2020.04.06 11:37 UTC / 南極→溶岩の荒野/大河の上空 視点:セイバー

 

「今のは……霊基偽装時のバーサーカーの宝具!?マリアナ沖の戦いで、ルーラーが食らってたヤツかッ!」

 なぜ宝具をコピーできるのか、「キングゥ」にそんな逸話あったか?という疑問はあるが、できている以上納得するしかない。一応、バーサーカー当人が「入っている」からという理屈付けはできるが……とにかく、放たれた冷気は大渦を氷の柱に変えてしまった。ついでに、キャスターも完全凍結だ。

 

「あえて解説してやるが、この宝具は“対象が抱える罪悪感”に比例して威力が上昇する。――『呑星贖環・竜胎終界儀(ファヴニール・オムニウルス・オロボロス)』で南極の生命を吸い尽くしたこと、随分と気に病んでいるようで何よりだ」

 ……「人間による環境破壊が云々」なキャスターが、勝利のため「手段を選んでいられなくなった」ためにやったあの蛮行。アレのツケが、ここで回ってきたか!ざまみやがれッ!

 

(で、どうする!?このまま砲撃開始して構わねェか!?)

 そんな視線を向けると、キングゥは何も言わず顎でしゃくる。

 (それくらいお前なら分かるだろ時間がないからさっさとやれ)という表情だが、見た目がルーラーなので違和感が凄ェ。

 

「まあいい、了解だ!一斉砲撃――始めッ!!」

 川としての形状と、「流れ」を失ったことは大きかったらしい。少し前まで砲撃をものともしなかった水の壁は、いとも簡単に崩れ落ちた!

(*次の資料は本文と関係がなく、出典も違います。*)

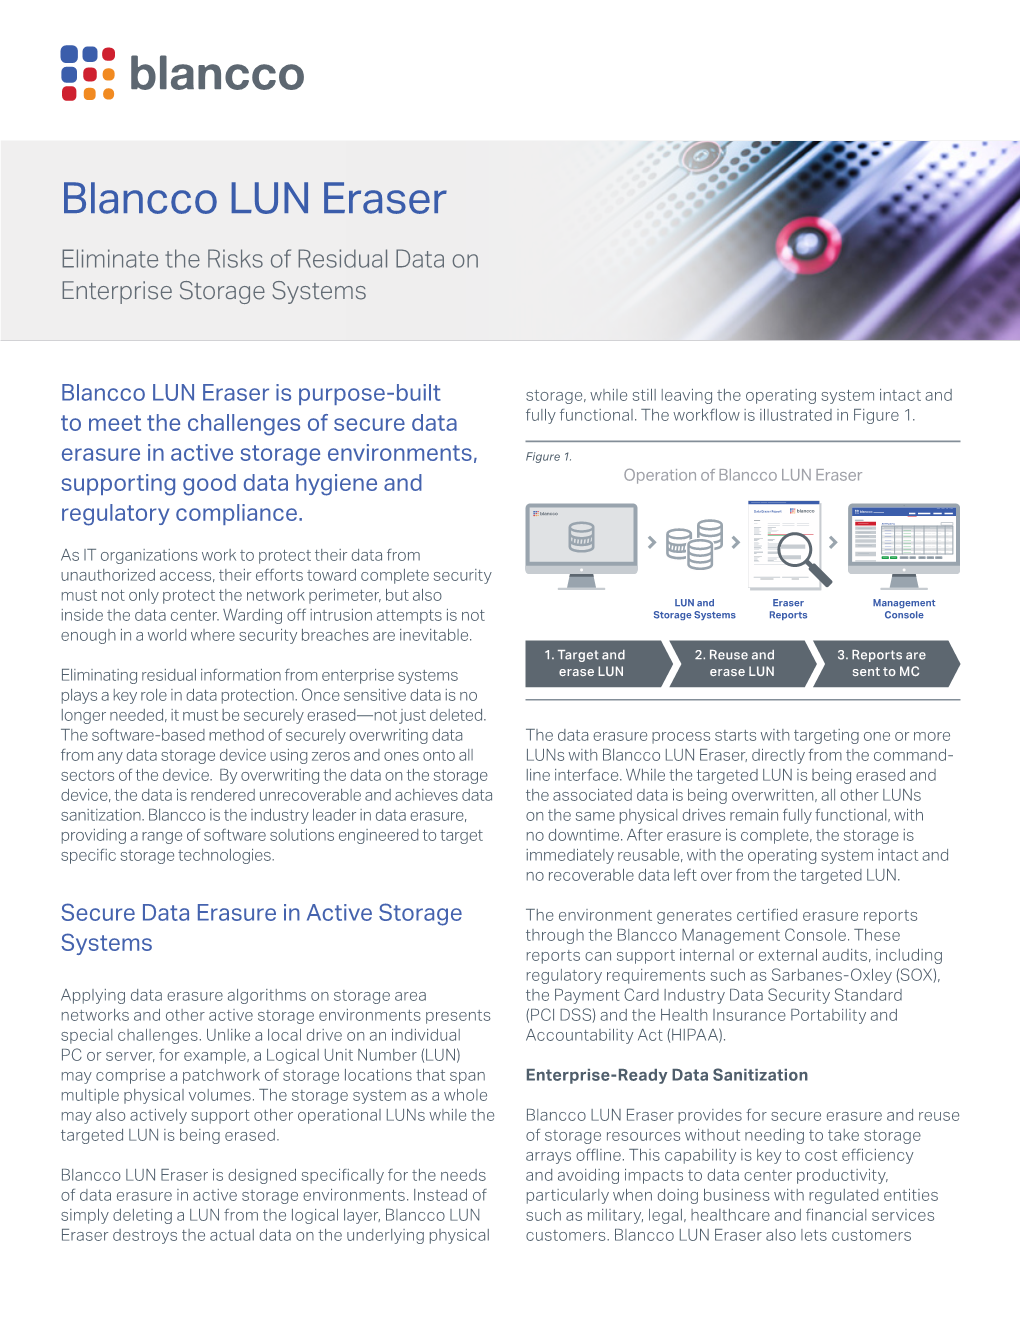 Blancco LUN Eraser Eliminate the Risks of Residual Data on Enterprise Storage Systems

「くッ……『優雅なる(スキタリス・スキトゥ)玉虫の彩』(ルス・ヴァリエガートゥス)!さらに滞呪解放――『火の冥山に坐すもの(カイア・マトゥピット)』!!」

 

 だが、キャスターは術を完成させた途端、即座に氷を脱する。さらに、いつの間にか近づいていた「溶岩の波」に飛び乗って逃げやがった!

 

「スキタリスは……中世ヨーロッパの動物寓話集に出てくる怪物だったか!?玉虫色に発色し、極寒でも体温を維持できる“冬眠しない”竜らしいが――コキュートスの冷気にも耐えられんのかよ!」

「もう片方の術の影響もある。カイアは、ガゼル半島のトライ文化圏で信じられている火山の神。バーサーカーの情報が正しければ、お前の『懐想・大海嘯七罪哀歌(リヴァイアサン・ロストエレジー)』を逃れたのはこの術で“溶岩の中に転移した”ため。その時点から術を維持し続け、再び解放させたんだ」

「なるほど、ありゃ奴がカイアの術で呼び寄せた溶岩流か!尾の首を切らせたのも、詠唱速度が落ちようとカバーする自信があったからだな……!」

 

 分析しつつ、周囲の自律飛行状態の礼装を回収。空を飛んでキャスターを追いかけるが……キングゥの鬼気迫る表情は、焦りというより「苛立ち」に近い。直感だが、その矛先はワシでもキャスターでも、ましてやバーサーカーでもないように思えた。ワシの視線に気がついたのか、少し顔をしかめて舌打ちした後――

 

「作戦を言う。前提として、僕はライダーの宝具――『簒奪竜の呪欲牙(アンドヴァリナウト・グラエイジル)』を、コピーできる。発動条件の“自分が致命傷を与える”ことと、“牙による咬撃”は必須だが」

 キングゥは、そう切り出した。

「ああ、ルーラーがそれで『始源の海、幼年の終わり(タムトゥ・エンウム)』を奪われたんだもんな……ちょっと待て、それって!?」

 

 それができるなら、話は大幅に変わる。キングゥは小さく首肯し、

「思ったより察しがいいな。……理論上、キャスターから『終環記章・竜蛇胎蔵界(ドラゴン・リベレイション)』を奪うことが可能なはずだ」

 マジか。マジですか。唐突に勝ち筋が一本増えたんだが?!

 

「……ちなみにこれ、『いや最初からやれよ』って聞いたらダメなやつか?」

「……ルーラーでは、【変容】による宝具のコピーはできない。できるのは、非常時のバックアップたる『SSH-EX DKIN.GU』の僕だけだ。それに、ついさっき『模倣・嘆きの氷河に果ては無く(グラシエイト・コキュートス)』を成功させるまで確証はなかった。ルーラーが死ねばゲームオーバーなのに、そんな愚を冒せるか」

 

 それはそうだ。【変容】とやらは他の武装を停止する代わりに機能しているようだし、『簒奪竜の呪欲牙(アンドヴァリナウト・グラエイジル)』も「自分の手で重傷を与えた上で、最接近して噛みつく」必要がある宝具。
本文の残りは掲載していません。